In a perfect world there is no technical reason why, for example, a twitter type discovery and friend management service couldn't map all message delivery on to a network of decentralised jabber end-points.
The scaling problem comes because Twitter is trying to "capture" all our tweets, control the UX and API, control the namespace to insert themselves as a centralised message utility in order to extract value. i.e. it is the constrains of the business model that makes Twitter have a bundled service and therefore means Twitter (the business/service) can't be decentralised.
Warning, this is going to be long, so sorry ahead of time.
Your example of how twitter can do it would work in some scenarios, but not twitter's. The reason is that twitter actually runs off of ID numbers, not the username. As a user, I can change my username at anytime, and doing that would screw up the methodology in your system (you can verify this if you'd like - you username will change, but the ID won't).
Your system also has a flaw of only being about to scale out 26 servers. While you could actually turn it into 26 clusters of servers, or go by say the first two letters instead of the first letter giving you 17,576 locations instead of 26, it is not ideal. Mainly because some letters are more common than others. Those servers with the popular letters would have more users.
What twitter probably has is a sharded database table that has the userid, username and password (say at one million users per shard). You would want this table to just be those three columns since you want to have an index on the userid and username columns and not be slowed down by other columns. The password would be in this table so that they could easily do authentications.
Then they would have another table that says what server they are stored on by storing just the userid and the server id.
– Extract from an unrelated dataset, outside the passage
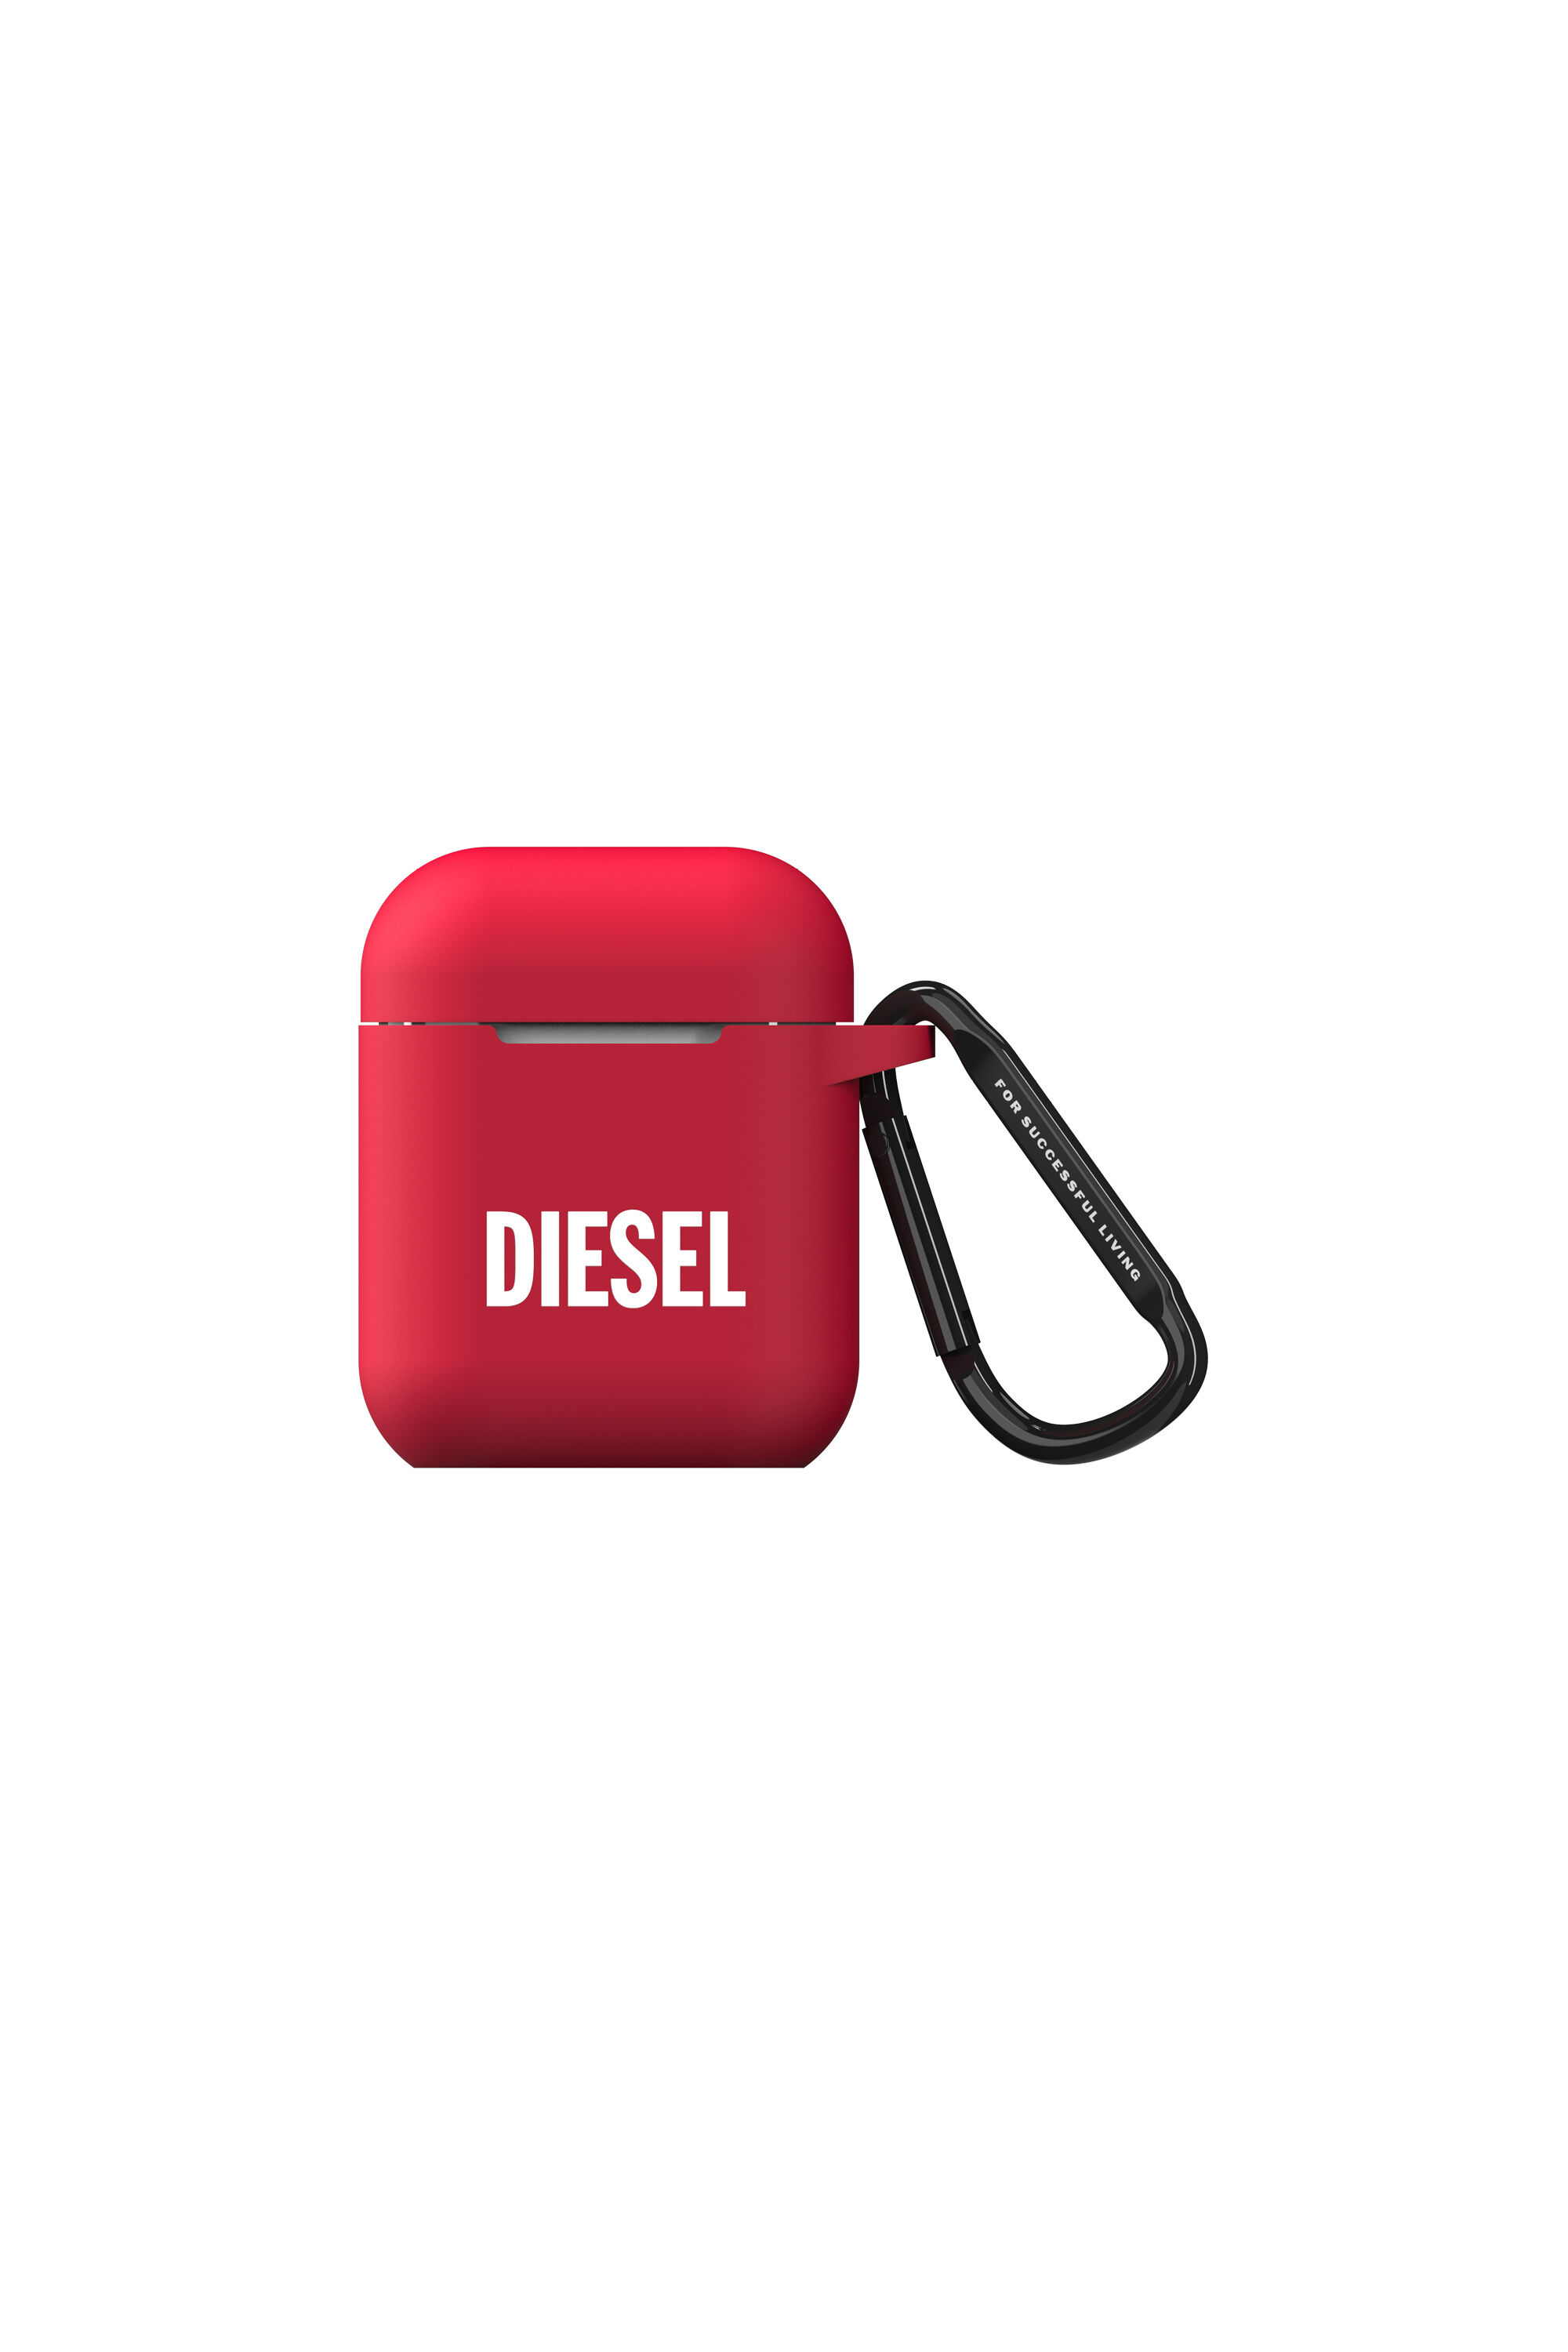 Diesel - 45832 AIRPOD CASE,  - Image 1

This could be stored in the username table too, but for scalability reasons, it'd probably be on its own server instance.
What is nice about this is that you can setup empty servers and then as your app starts to scale, it can determine when it needs to move people to new servers automatically. Depending on your preferences, you could make it to where when you add additional server it would automatically move users around to use the new capacity. You would just need to update the one table that says where your stuff is located and move all the data there.
Systems designed like this can scale quite easily if you build it right. The only issue is that you have to know what your hardware limits are and when to add capacity.
The real issue with twitters scale-out is not the storage of user profiles like everyone thinks it is though. It is scaling their jabber back-end and the systems that listen to it. That is the system that always goes down and can't keep up with the tweets when big events happen. What I don't get is ejabberd has clustering built into it. You can easily add new servers and expand the resources. Maybe they aren't using ejabberd though. More than likely the systems that listen the the Jabber servers are crapping out with the high volumes, in which case those are the culprits of all of our downtime.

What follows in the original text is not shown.